До сих пор ей приходилось видеть великого князя только при массе зрителей на официальных торжествах, а теперь ей представлялся случай поговорить с ним по душе; она решила открыть ему свое сердце, и как знать?..
Но, несмотря на то что ей казалось, будто Павел Петрович не может не принять во внимание всего того, что она решила сказать ему, принцесса очень волновалась. Ведь именно теперь решался вопрос о всей дальнейшей жизни!
Вот уже пробило пять часов и наступило время, назначенное для посещения жениха… В соседней комнате послышались голоса…
«Боже мой! Он идет!» — тревожно подумала София.
Дверь в комнату открылась, и на пороге показался великий князь в сопровождении герцога и герцогини Вюртембергских. Принцесса хотела пойти к нему навстречу, но волнение так подкосило ей ноги, что, дойдя до средины комнаты, она была принуждена остановиться и ухватиться дрожащей рукой за мраморный стол.
— Дочь моя! — торжественно обратился к ней герцог. — Его императорское высочество великий князь Павел Петрович с милостивого согласия своей августейшей матушки обратился вчера к нам по следующему поводу. Великий князь выразил желание иметь тебя своей женой, и это желание, должен сказать, всецело совпадает и с нашими желаниями. Поэтому мы с радостью приветствовали его императорское высочество в качестве желанного зятя. Но его высочество непременно пожелать изволил выслушать также и от тебя лично, что ты принимаешь его предложение и делаешь это свободно, по собственному желанию и склонности. Мы не нашли причин отказать его императорскому высочеству в столь понятной и законной просьбе, а потому и привели его сюда.
Принцесса молча поклонилась. Ее губы так дрожали, что она была не в силах сказать хоть одно слово.
Видя это, герцогиня поспешила подойти к дочери, чтобы обнять ее и шепнуть ей на ухо слова ободрения и утешения. Но и на это принцесса ничего не ответила: она чувствовала, что стоит ей разжать губы, и вместо слов у нее вырвется только жалобный стон.
Герцогская пара удалилась, в душе оплакивая любимую дочь. Стук затворяемой двери сказал принцессе, что она теперь наедине с будущим супругом. Она подняла на него свой взгляд, и последний выразил такую смертельную муку, такой глубокий ужас, что великий князь сначала побледнел от гнева, а потом разразился скрипучим, ироническим смехом, причем его лицо задергалось в нервном тике.
София так испугалась этого смеха и этих гримас, что невольно отскочила на несколько шагов назад.
— Оставайтесь на месте, принцесса! — сказал Павел резким, повелительным голосом. — Прежде всего потрудитесь сказать, почему вы не надели сегодня ордена Святой Екатерины, который я вручил вам по приказанию моей матери?
Принцесса сознавала, что этот вопрос прямо подводит ее к желаемому объяснению. Поэтому она сначала немного помолчала, чтобы собрать всю свою энергию, а затем ответила:
— Простите, ваше императорское высочество, но ее величество ваша августейшая матушка прислала этот орден не мне лично, а только невесте своего сына.

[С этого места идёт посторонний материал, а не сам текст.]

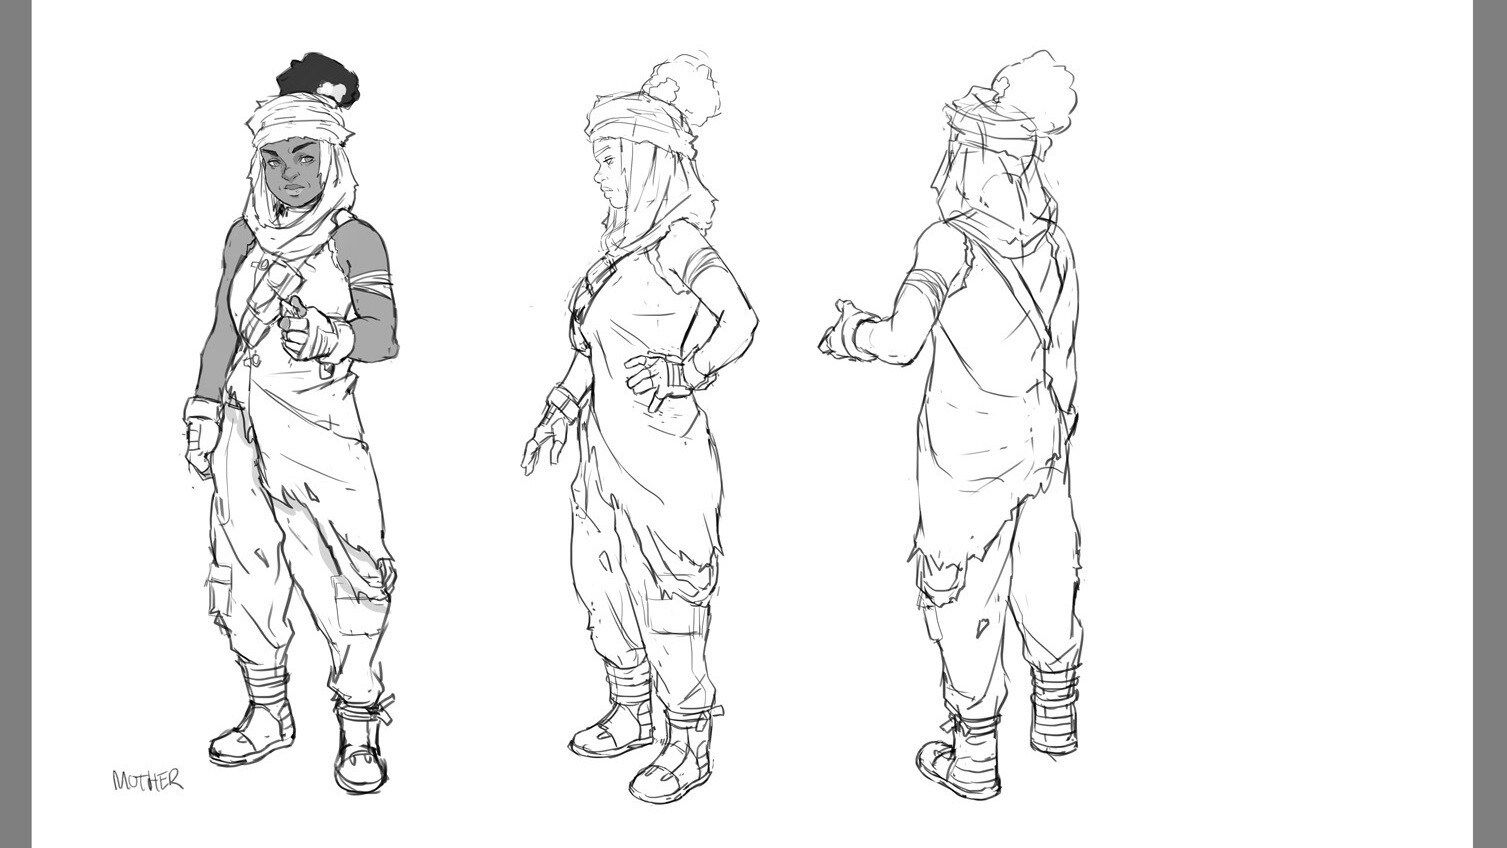 Livy's mother concept art by Rejean Dubois and Arthell Isom

— Вот как? — резко ответил Павел. — Вы считаете, что не являетесь моей невестой до тех пор, пока не будет проделана вся эта церемониальная ерунда и пока я лично не выслушаю вашего согласия? Так ведь я затем и пришел сюда, чтобы вы увенчали мои желания и разрешили считать вас своей невестой. Я, разумеется, люблю вас и прошу полюбить меня взаимно.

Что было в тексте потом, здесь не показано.